Scan the records below for the line containing "6Pcs Kids Sofa Play Couch Modular" and the line containing "#kidssofa #kidsplaytime #lounge". Copy both, plus every line between, exactly.

### Data records

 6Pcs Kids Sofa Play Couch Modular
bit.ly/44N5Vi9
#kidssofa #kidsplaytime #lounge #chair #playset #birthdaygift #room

######
### Data records

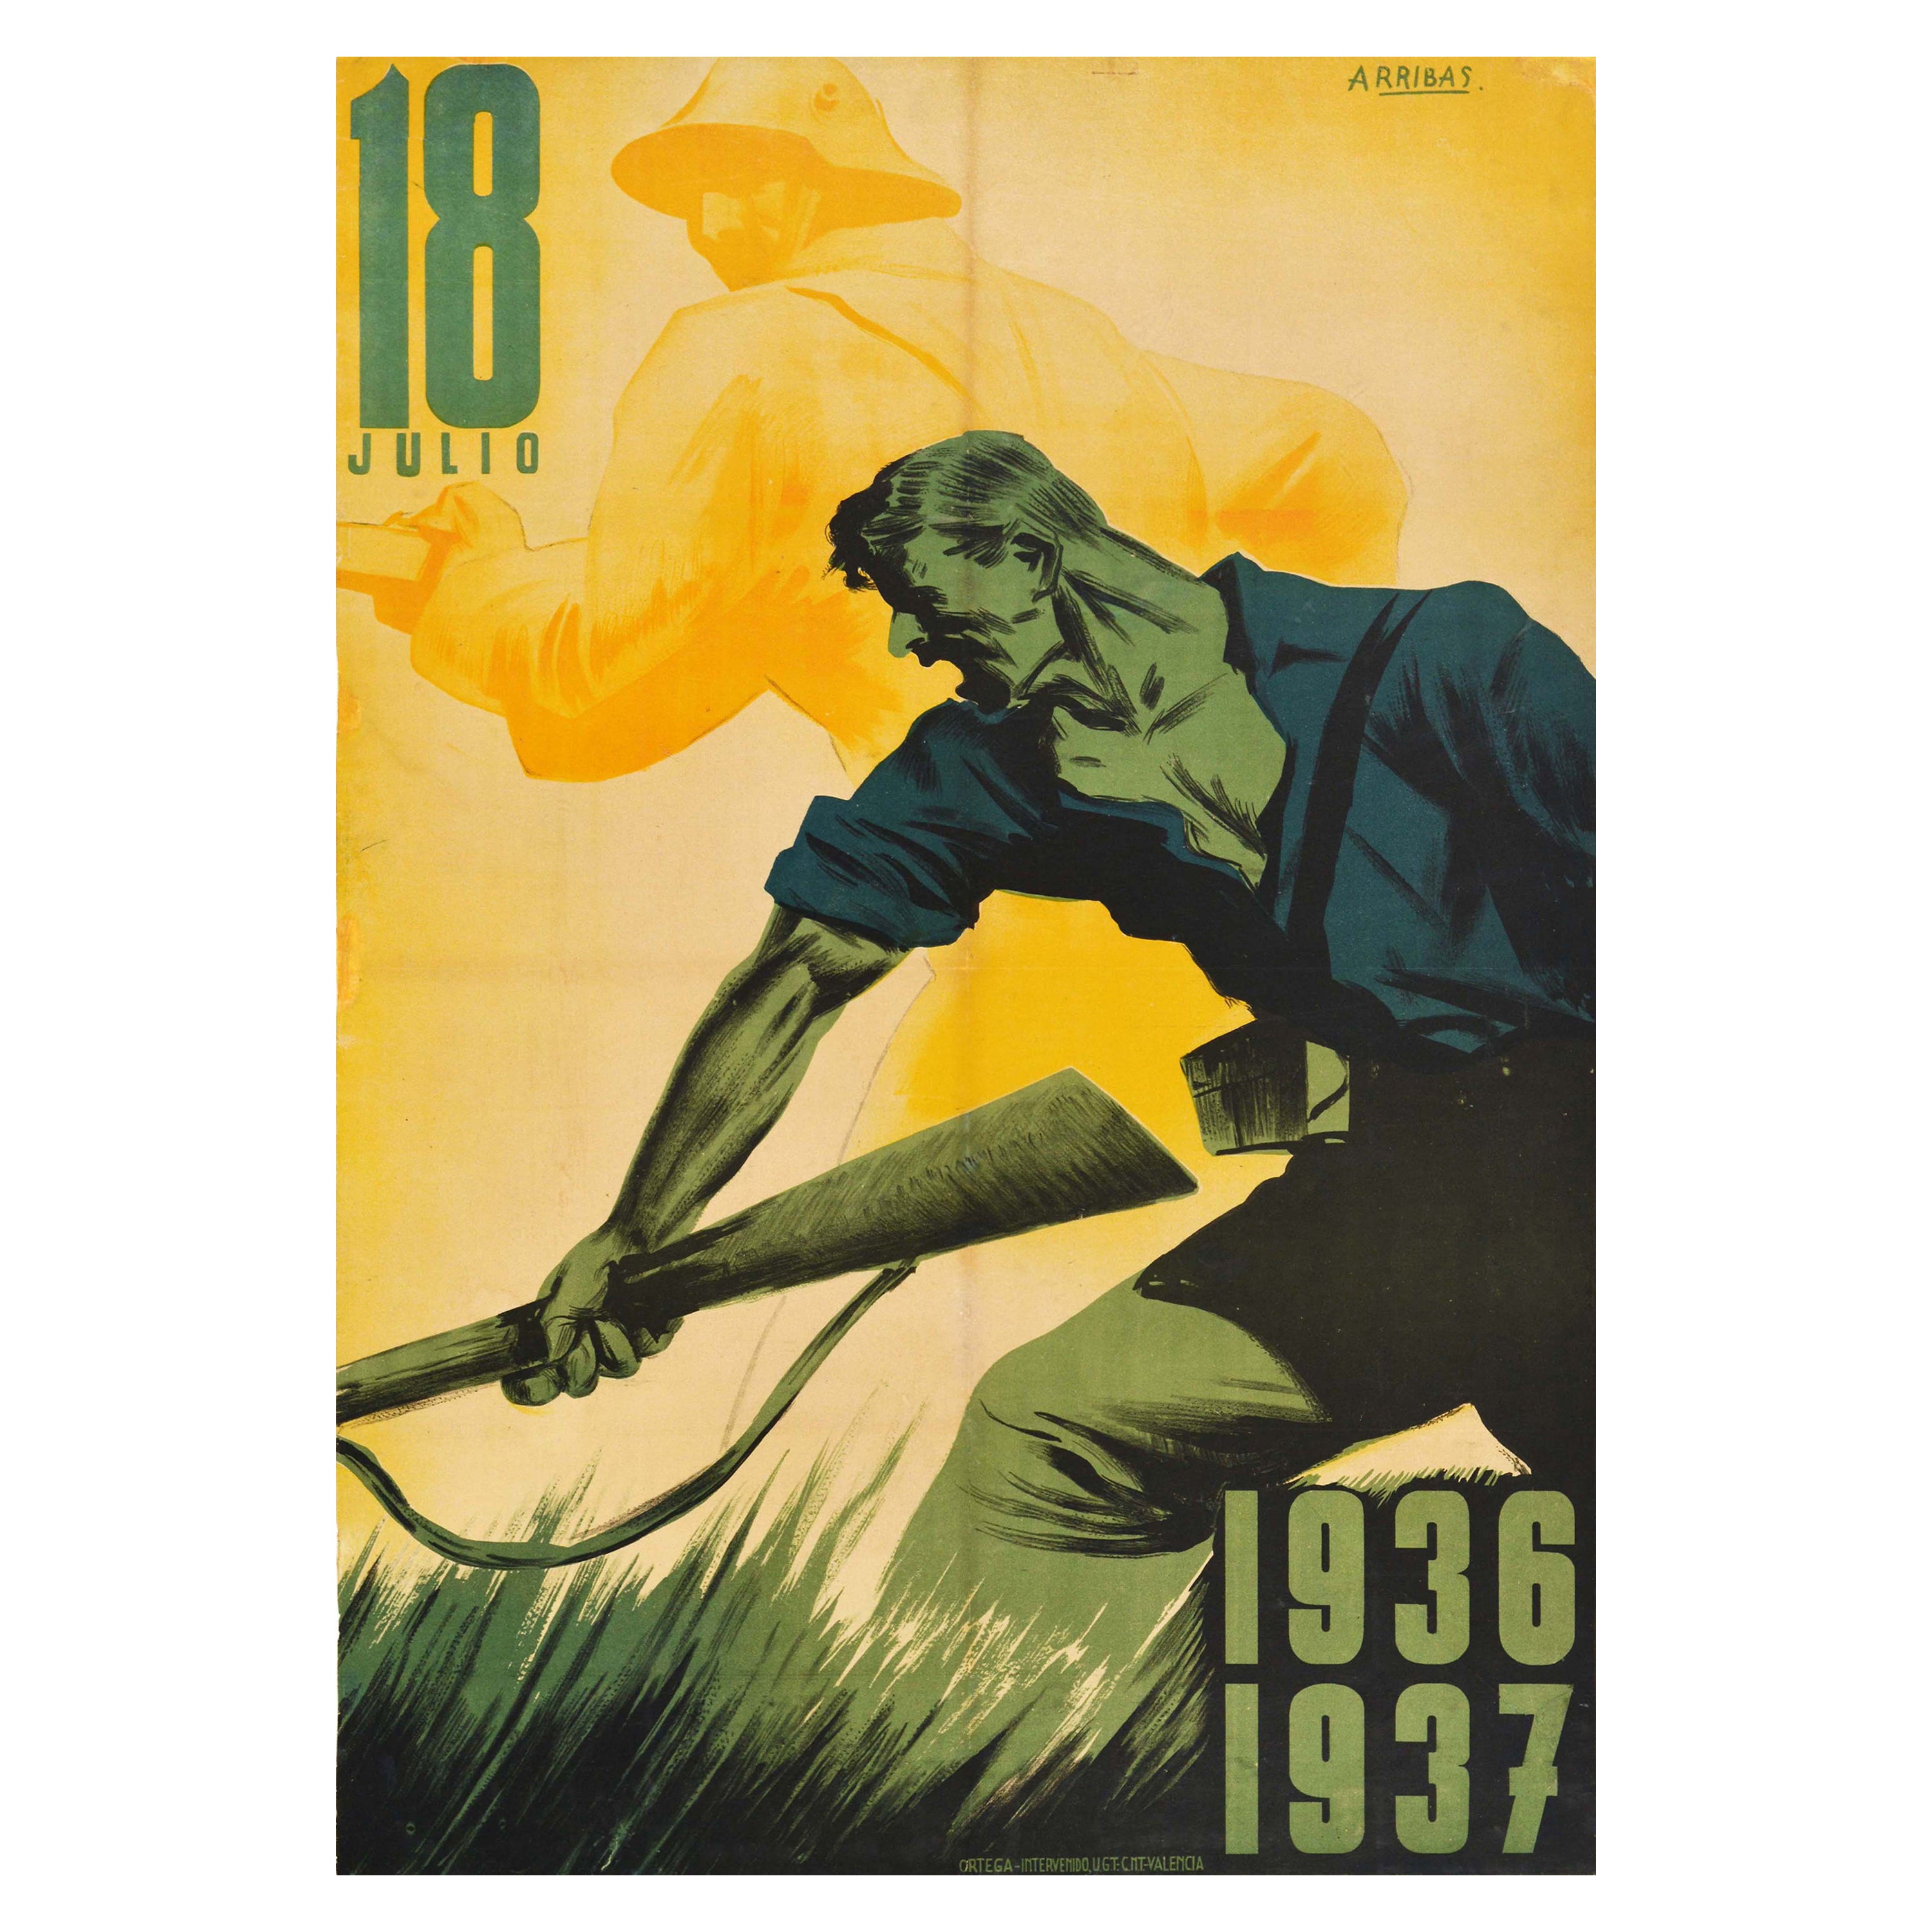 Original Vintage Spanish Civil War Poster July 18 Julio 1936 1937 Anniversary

######
### Data records

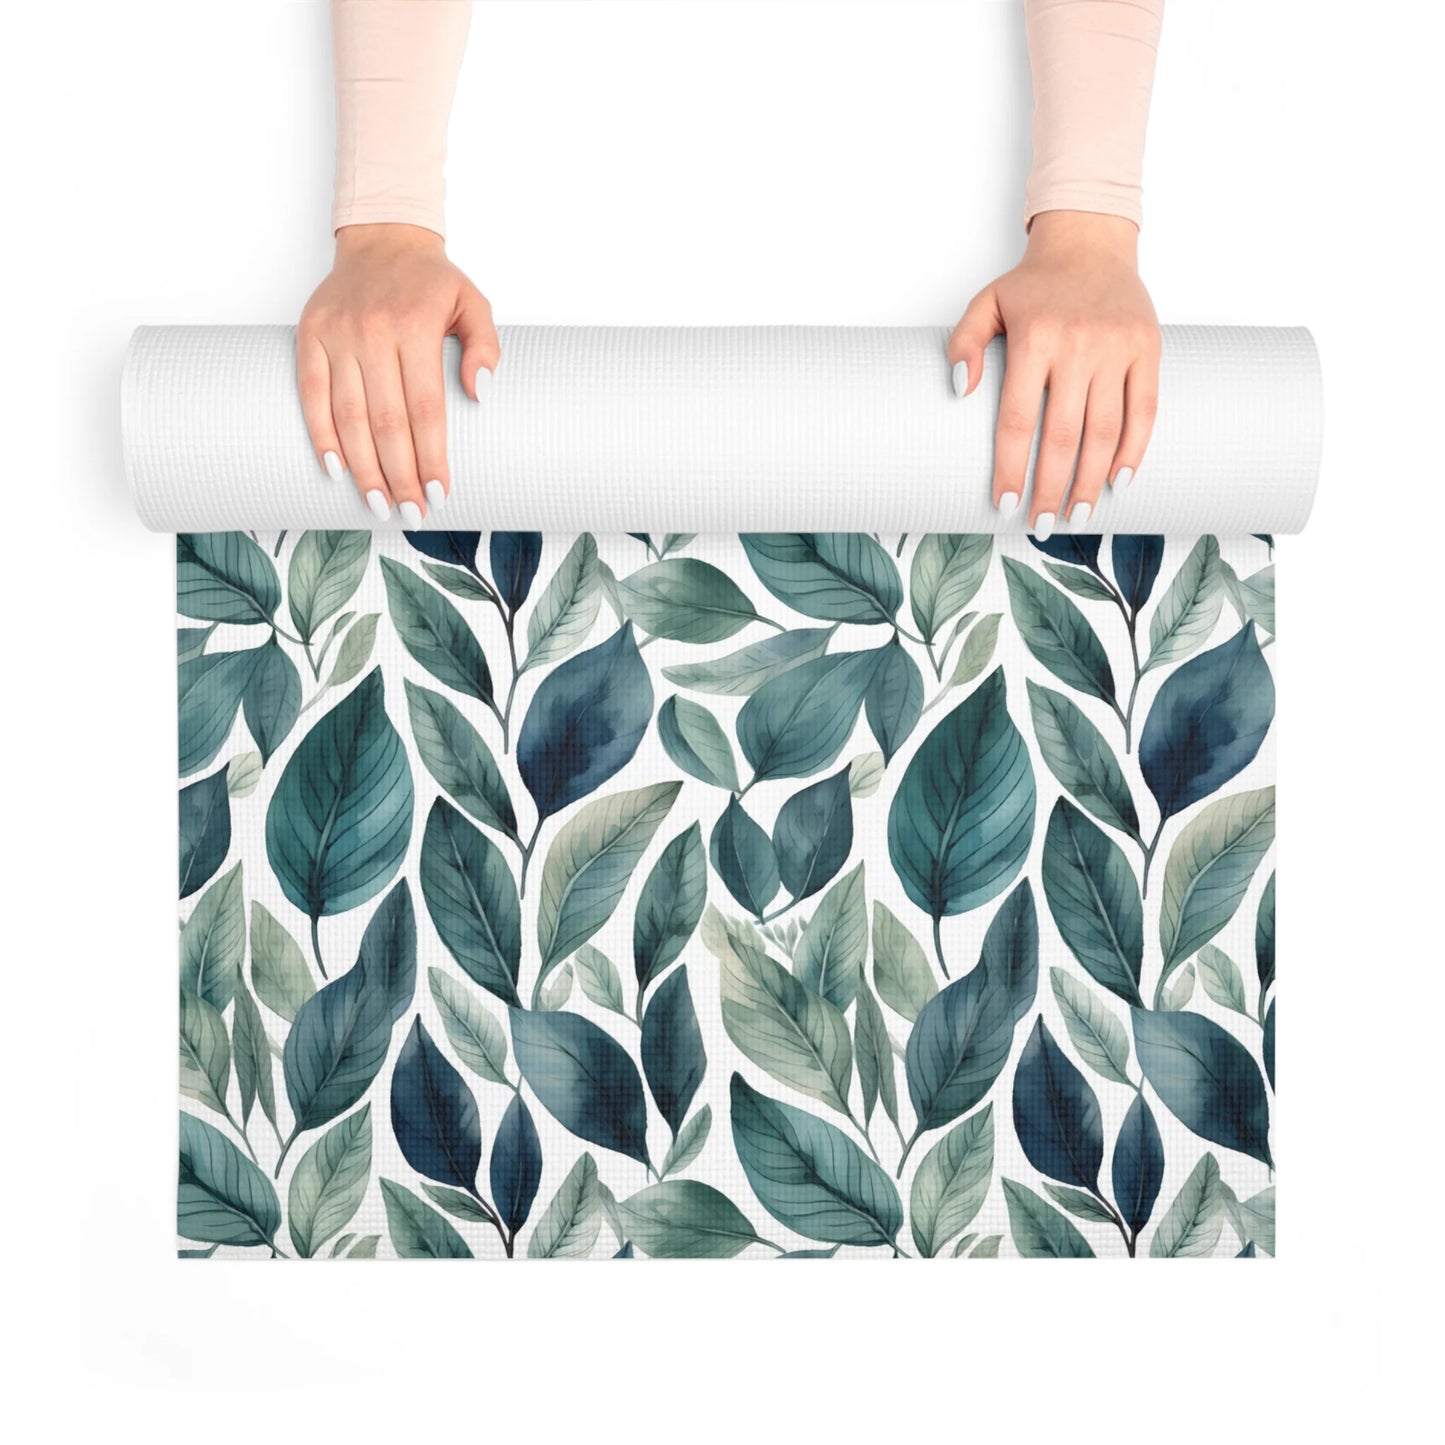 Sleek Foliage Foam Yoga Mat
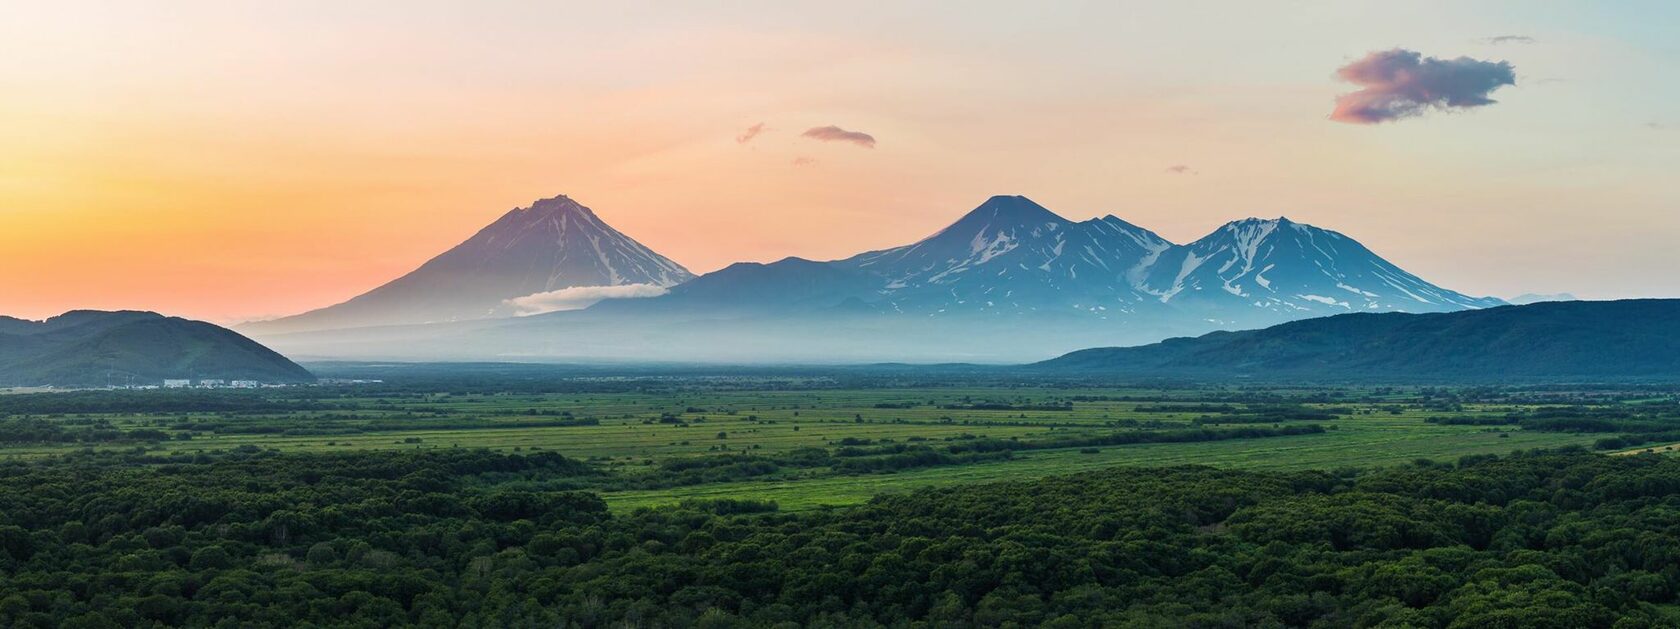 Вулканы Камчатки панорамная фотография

######

**Result:**
 6Pcs Kids Sofa Play Couch Modular
bit.ly/44N5Vi9
#kidssofa #kidsplaytime #lounge #chair #playset #birthdaygift #room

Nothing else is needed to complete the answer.